Soon after, Ishant banged one in and had Jos Buttler hopping back. Kumar Dharmasena gave it out, Buttler reviewed and was given a reprieve.

If there is a blot on India’s day, it is that two catches went down in the span of four balls. In the 31st over, Cook was squared by Ishant and nicked low to fifth slip, where Ajinkya Rahane grassed a low but fairly straightforward chance. In the 32nd over, Moeen threw his bat at Bumrah and edged towards Kohli’s left at second slip, where a sharp one-handed catch went down.

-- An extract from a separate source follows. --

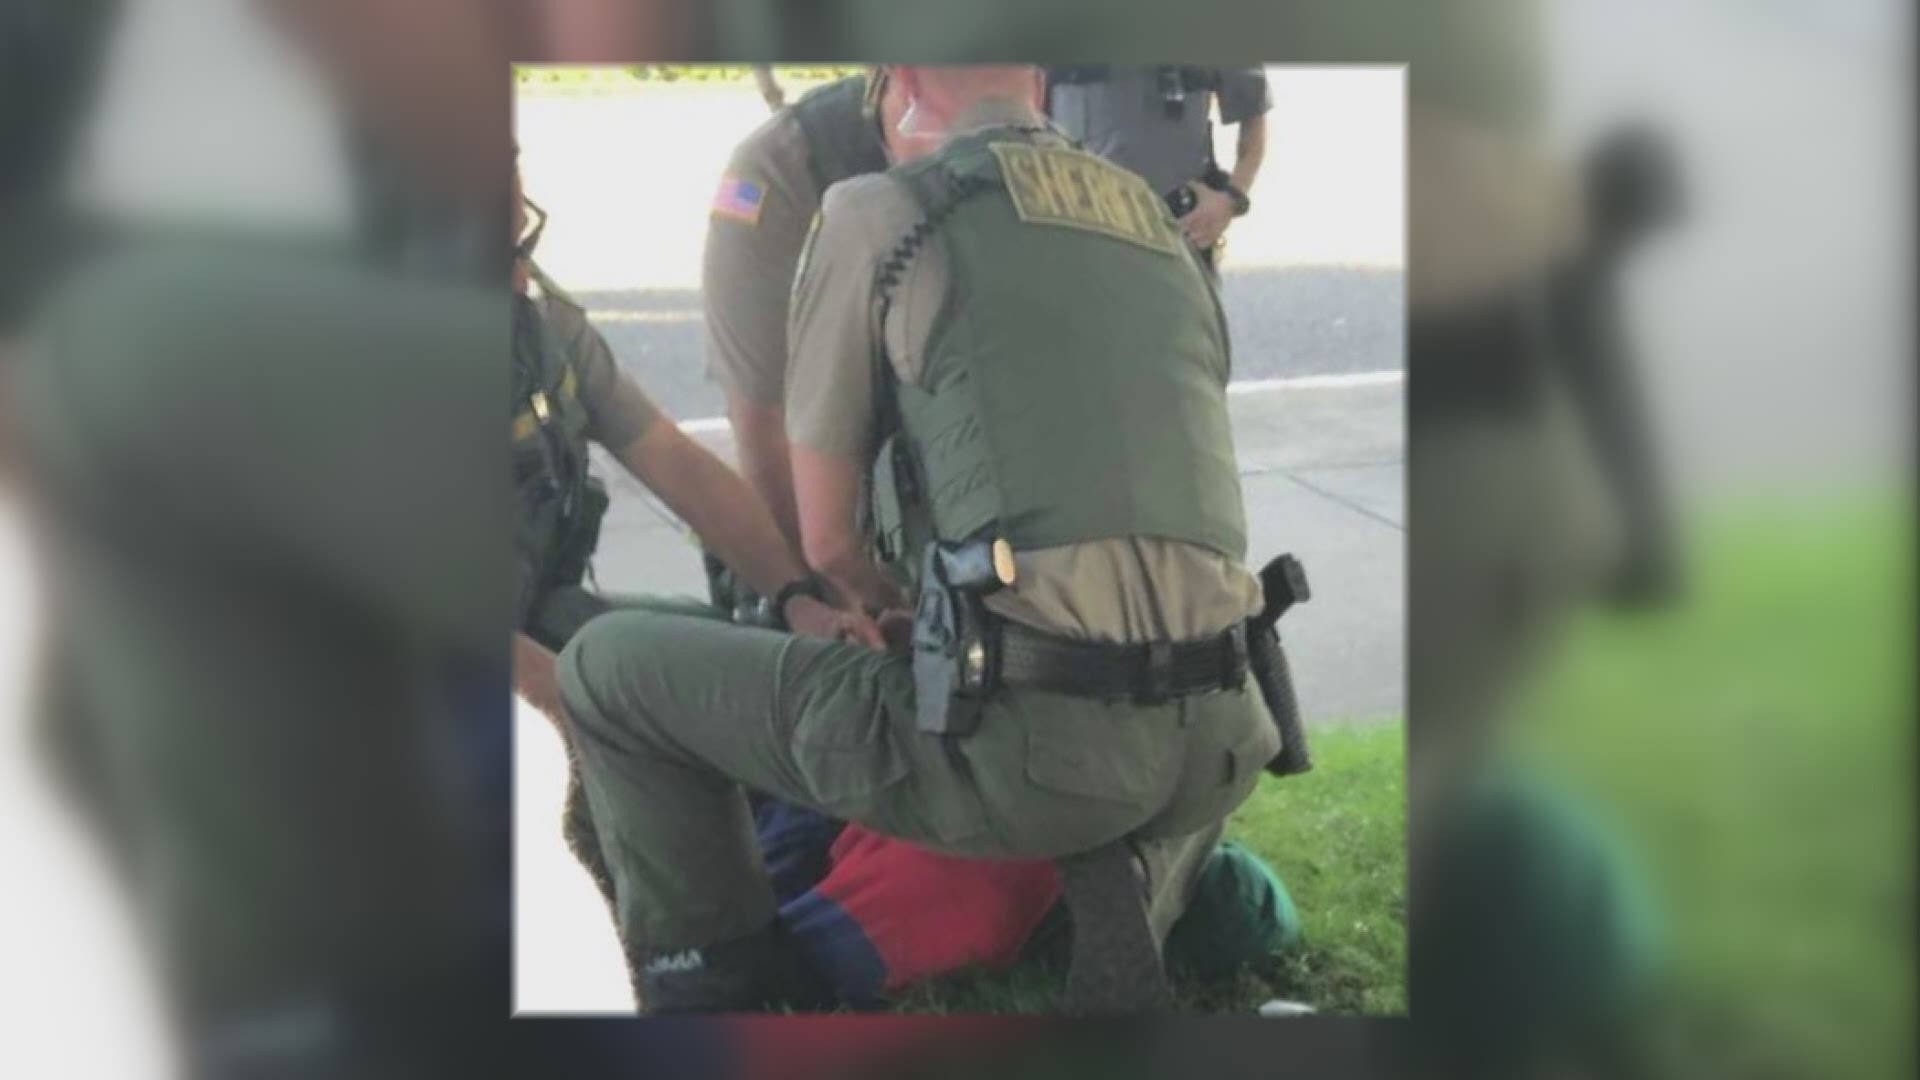 The Clackamas County Sheriff's Office is disputing the allegations stemming from the August 2019 incident.

It didn’t cost India a whole lot, and for that they have their bowlers to thank. Ishant (22-10-28-3), Bumrah (21-9-41-2) and Shami (22-7-43-0) bowled as well as can be expected on this first-day surface. Ravindra Jadeja, getting his first game on tour, had figures of 24-0-57-2. It was tough for both teams, but this was the kind of performance from India that can lift them to a morale-boosting win to end the series.

India will have to bat England out of the game from here, and thus the next four days will show how many lessons have actually been learnt. Buttler survived to fight another day, but India, with a new ball at their disposal on Saturday morning, will be the happier team.